Earlier this summer, the federal Council for Environmental Quality (CEQ) proposed changes to the National Environmental Policy Act (NEPA) that could get us closer to analyzing climate change impacts, addressing the concerns of environmental justice communities, and uplifting the role of Tribal governments. Most notable are revisions that reinstate many of NEPA’s principles and functions that were improperly deleted or changed during the last administration. Just Solutions submitted comments for further improvement on these proposed revisions to NEPA regulations.
For decades, NEPA has increased government accountability and transparency by allowing the public to get notified about and provide input on proposed projects that could be happening in their communities. NEPA requires federal agencies to analyze and disclose a project’s environmental impacts, examine potential alternatives, and propose mitigation measures meant to address the impacts of a project.

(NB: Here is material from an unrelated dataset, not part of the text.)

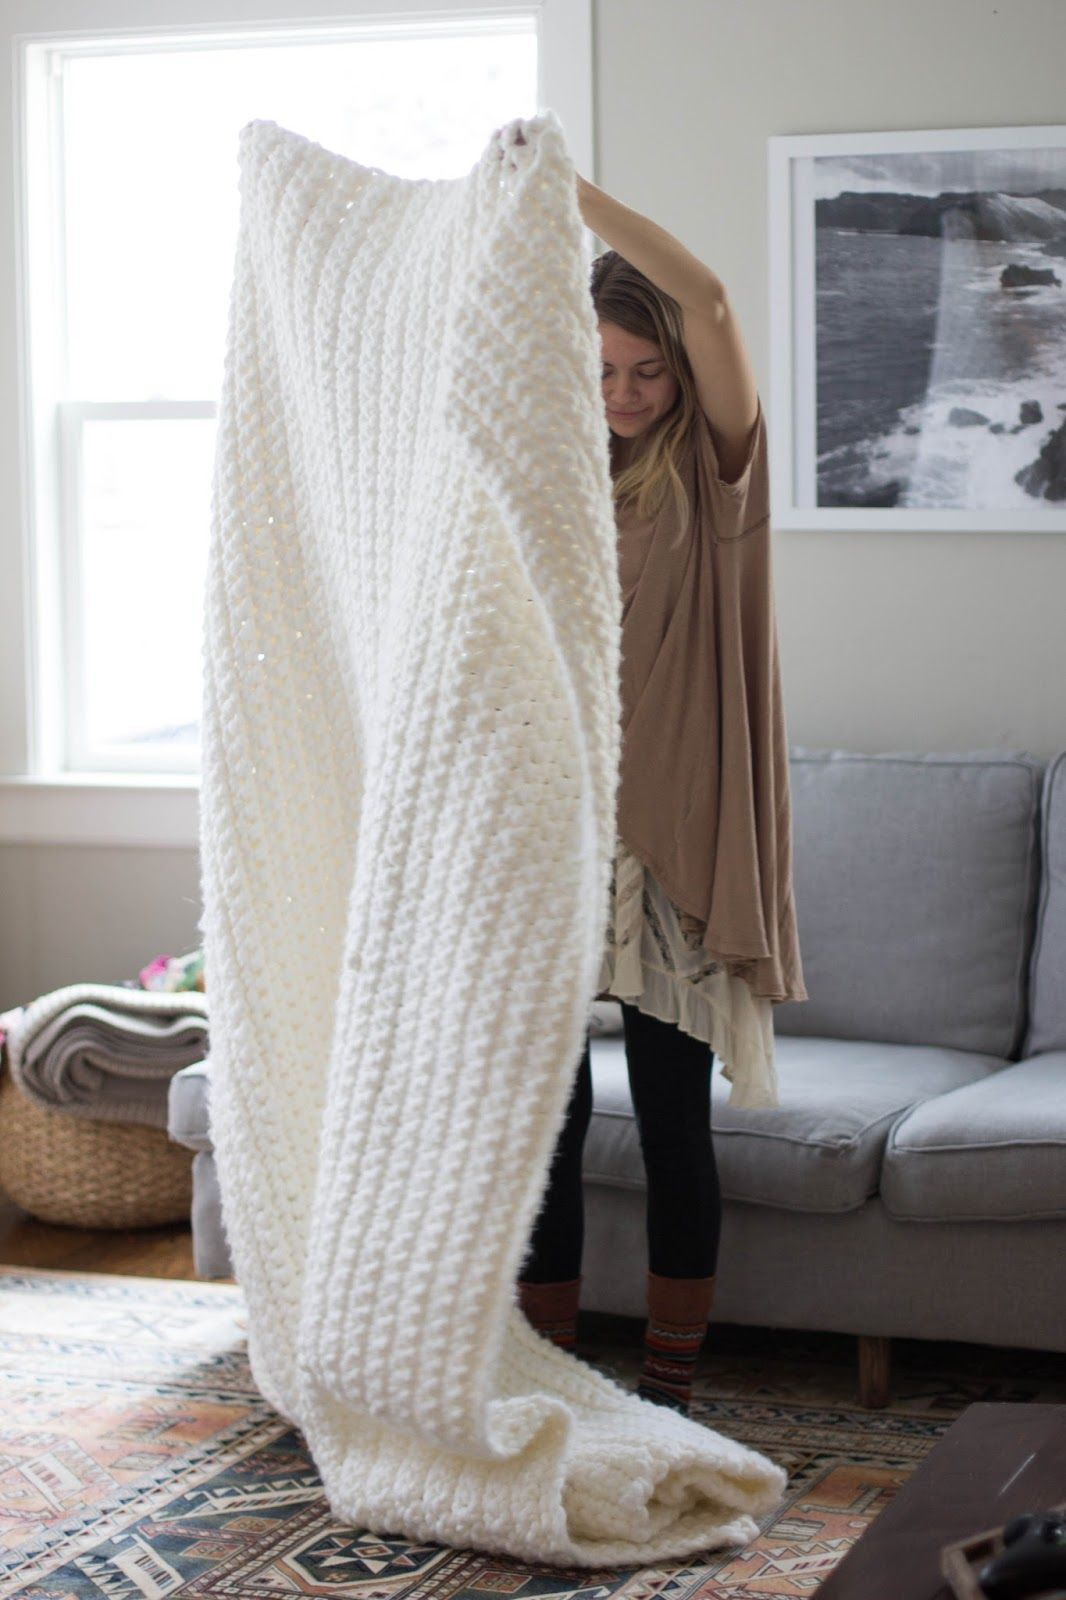 die besten 25 gro e decken ideen auf pinterest schalkurs deckenschal und schal trageideen. Black Bedroom Furniture Sets. Home Design Ideas

This law is incredibly important to environmental justice communities, many of which have successfully used this law to raise concerns about the environmental impacts from proposed highways, pipelines, and other types of harmful projects.
Just Solutions provided recommendations on a couple of the environmental justice revisions, including:
- Enhancing the definition of “environmental justice” proposed by CEQ to heighten the importance of federal agencies to conduct “meaningful engagement”;
- Suggesting a definition of “communities with environmental justice concerns” so that CEQ, federal agencies, and the public can have a shared understanding of racial and socio-economic characteristics that shape these communities;
- Highlighting specific items to include in future required environmental justice analyzes conducted under NEPA;
- Recommending strategies to improve public engagement for environmental justice communities.
More specifically, we proposed that CEQ add several guidelines to environmental justice analyzes done under NEPA. First, echoing an earlier recommendation offered by the National Environmental Justice Advisory Council, that CEQ require Health Impact Assessments (HIAs) to better inform an analysis on alternatives and mitigation measures that could reduce the health burdens a project may impose on a community. The NEPA process could also benefit from community health and public health experts on NEPA study teams. We also noted the importance of directly addressing concerns regarding compliance with Title VI of the Civil Rights Act of 1964 as part of any EJ analysis.
In terms of public engagement, we proposed several ways agencies could improve participation of EJ communities and, in particular, people with limited English proficiency affected by projects. We asked that documents be provided at least 15 days in advance of public hearings, if an agency decides to hold such a meeting, opting for evening meeting times, and selecting meeting locations that are accessible by public transit. We recommend that physical and digital copies of key documents are provided in multiple languages, that at a minimum, agencies translate the executive summary and the EJ analysis sections in primary languages dominant in the communities affected by a proposed project.
We will continue to work with our partners to ensure that our environmental justice recommendations are included in the final rule.